我不是百分之百的肯定,但我相信它会让你在这个问题上有所收获。
dtf <- structure(list(nutr = structure(c(2L, 2L, 1L, 1L, 2L, 2L,
1L, 1L, 2L, 2L, 1L, 1L, 2L, 2L, 1L, 1L), .Label = c("bad", "good"
), class = "factor"), fert = structure(c(2L, 1L, 2L, 1L, 2L,
1L, 2L, 1L, 2L, 1L, 2L, 1L, 2L, 1L, 2L, 1L), .Label = c("N",
"0"), class = "factor"), id = c(1, 2, 3, 4, 5, 6, 7, 8, 9,
10, 11, 12, 13, 14, 15, 16), t0 = c(7, 6, 3, 20, 13, 4, 14, 9,
15, 5, 18, 19, 8, 1, 10, 16), t1 = c(12, 9, 3, 20, 4, 7, 6, 17,
19, 5, 18, 8, 15, 16, 10, 2), t2 = c(12, 9, 3, 20, 4, 7, 6, 17,
7, 6, 3, 20, 13, 4, 14, 9), t3 = c(15, 5, 18, 19, 8, 1, 10, 16,
4, 7, 6, 17, 7, 6, 3, 20), t4 = c(6, 7, 12, 4, 7, 18, 9, 10,
2, 10, 11, 14, 15, 1, 14, 16), t5 = c(4, 7, 6, 17, 7, 6, 3, 20,
15, 5, 18, 19, 8, 1, 10, 16), t6 = c(70, 5, 16, 31, 61, 14, 22,
23, 80, 13, 24, 32, 90, 16, 28, 29), t7 = c(56, 16, 7, 8, 78,
26, 28, 30, 91, 5, 8, 19, 67, 16, 18, 19), t8 = c(88, 21, 20,
19, 90, 16, 18, 19, 57, 3, 20, 4, 7, 67, 13, 12), t9 = c(62,
12, 15, 27, 71, 20, 4, 7, 72, 6, 3, 20, 73, 14, 9, 15), t10 = c(40,
13, 7, 19, 50, 3, 20, 7, 66, 14, 9, 15, 80, 16, 18, 19)), .Names = c("nutr",
"fert", "id", "t0", "t1", "t2", "t3", "t4", "t5", "t6", "t7",
"t8", "t9", "t10"), row.names = c(NA, -16L), class = "data.frame")

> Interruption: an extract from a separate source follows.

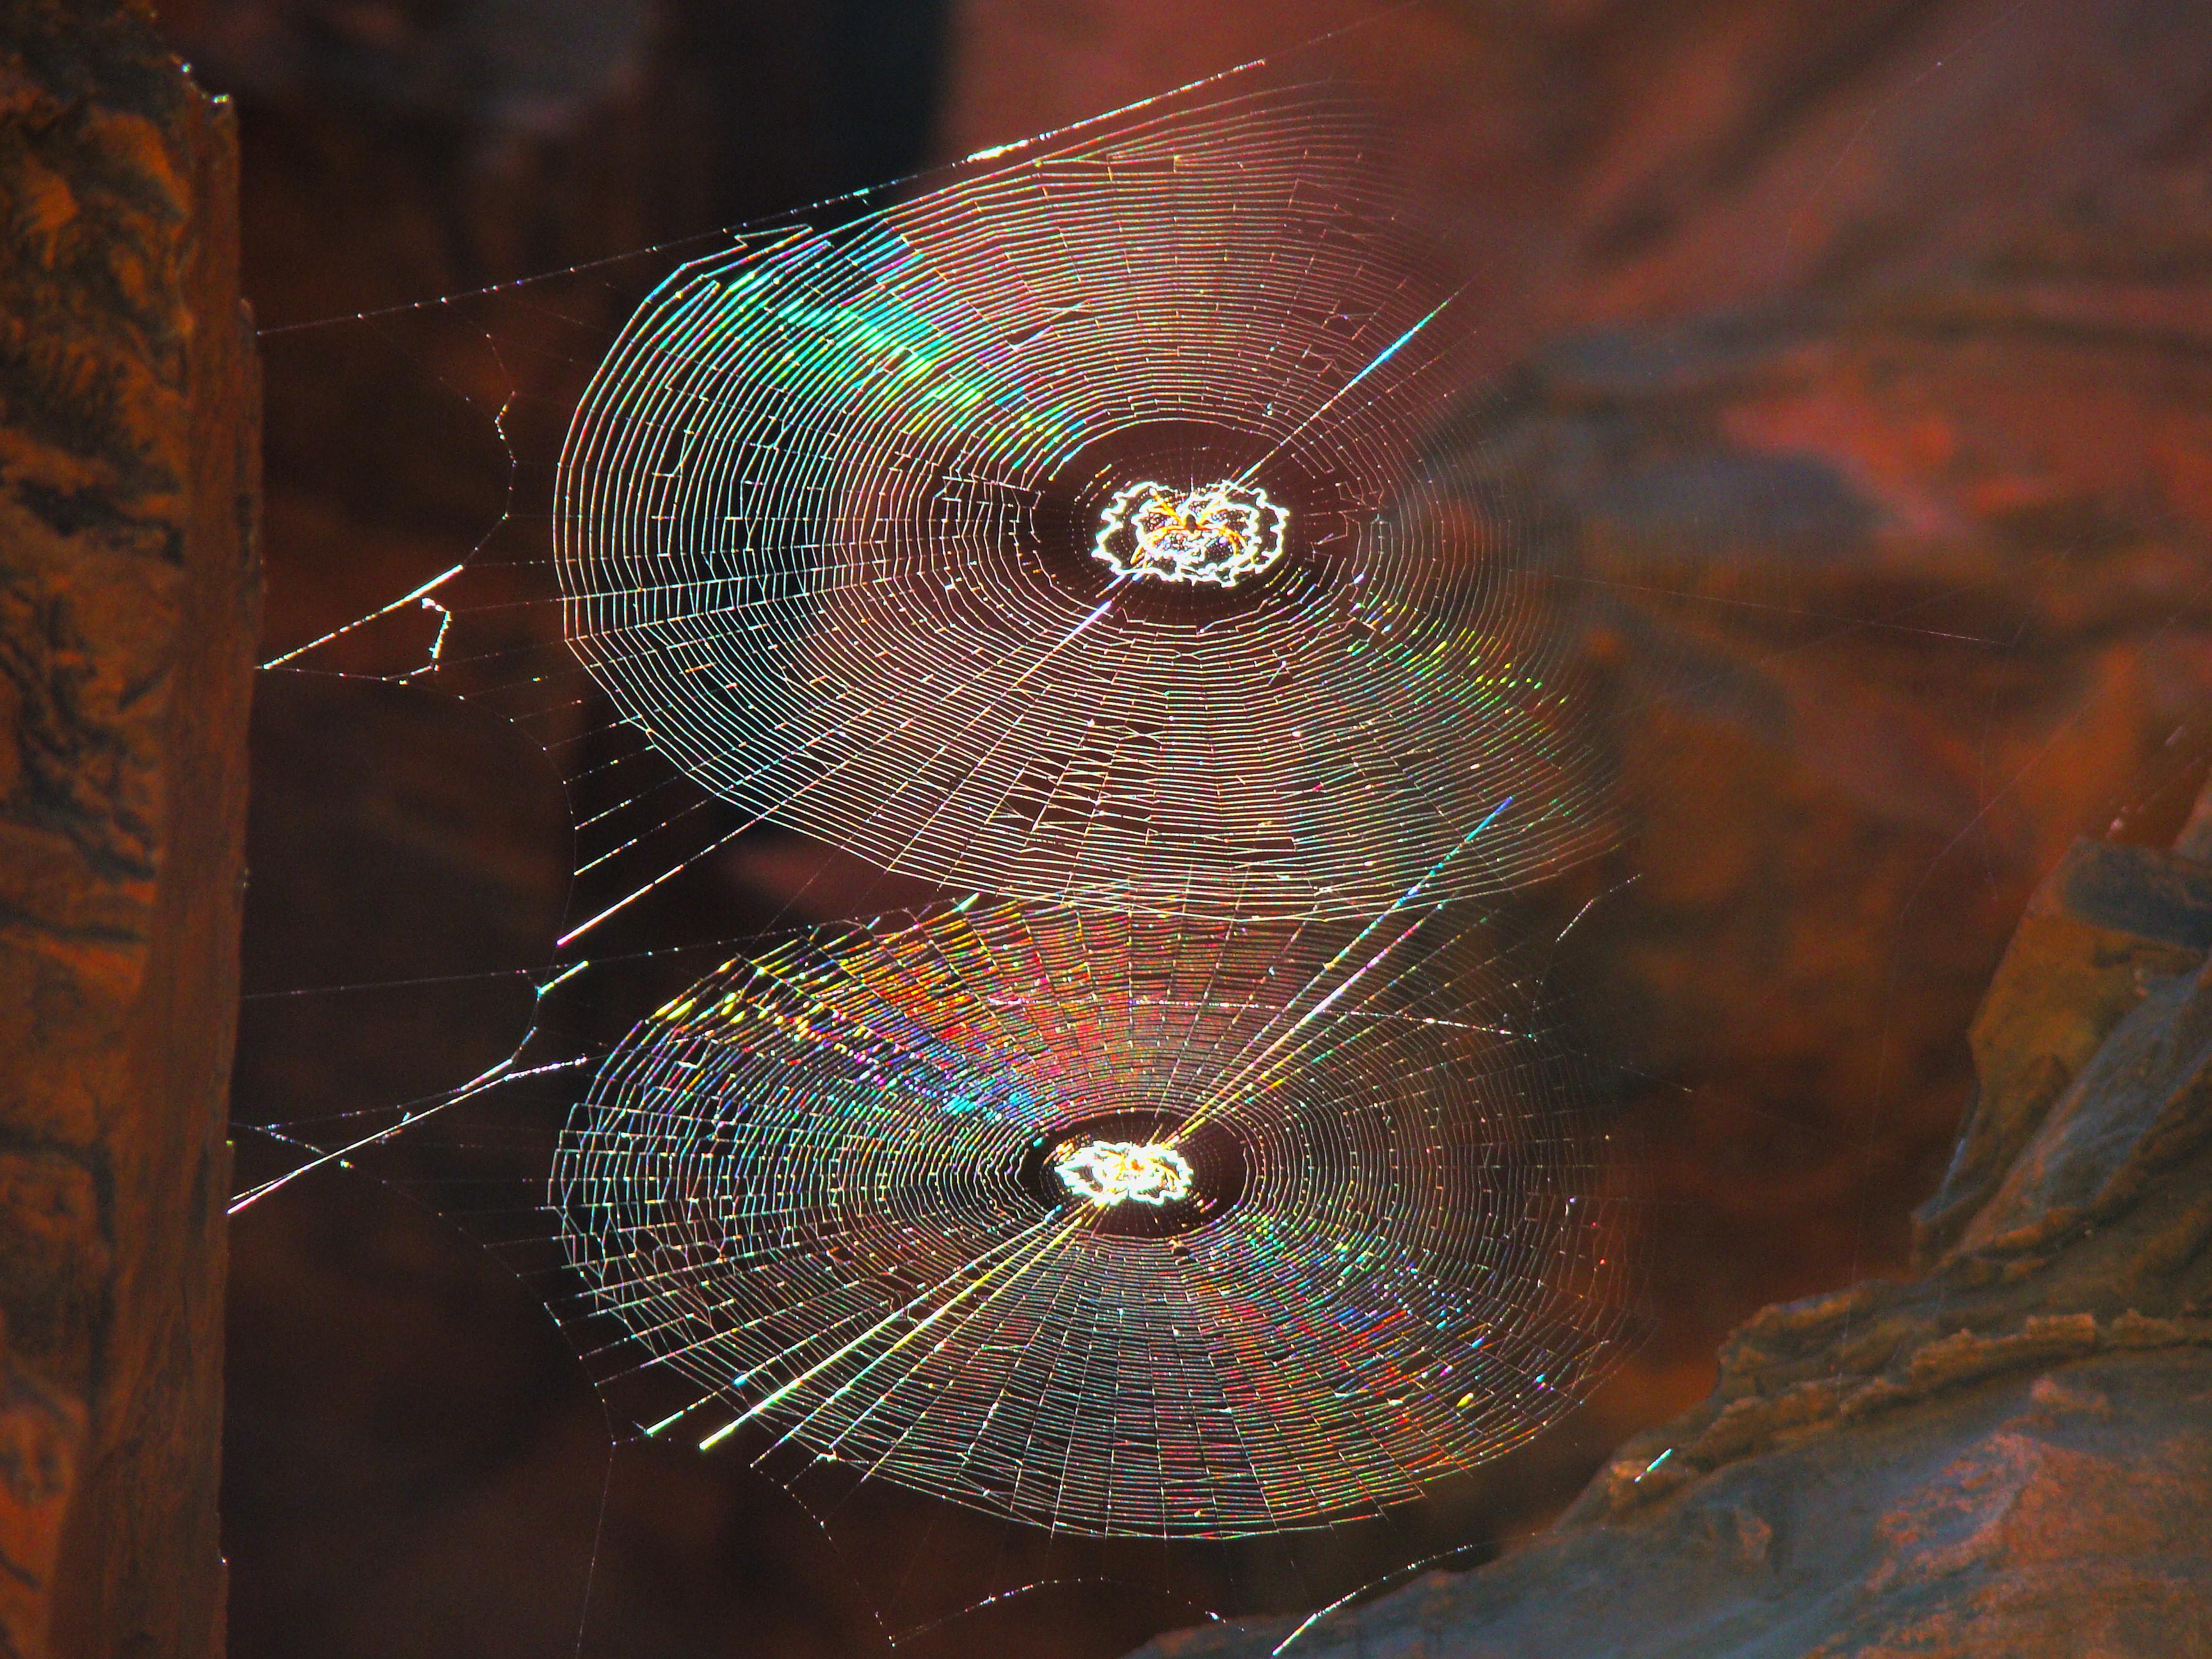 Pajaki chandelier a traditional polish springtime craft spiralorbwebs arubaitofo Choice Image

# Need to reshape into long format so that each column is a separate variable
library(reshape2)
dtf.long <- reshape2::melt(dtf, id.vars=1:3, variable.name="time")
dtf.long$time <- as.integer(sub("t", "", dtf.long$time))
dtf.long$fert2 <- dtf.long$time > 5 & dtf.long$fert == "N"
library(lattice)
xyplot(value ~ time | nutr * fert, data=dtf.long )
library(lme4)
m1.1 <- lmer(value ~ nutr * fert2 * time + (1 | id), dtf.long, REML=FALSE)
m1.2 <- lmer(value ~ nutr * fert2 * time + (1 + time | id), dtf.long, REML=FALSE)
# The random slope term doesn't appear to be adding anything of value
anova(m1.1, m1.2)
These slides on longitudinal modelling in lme4
might be of use.
这些关于lme4纵向建模的幻灯片可能有用。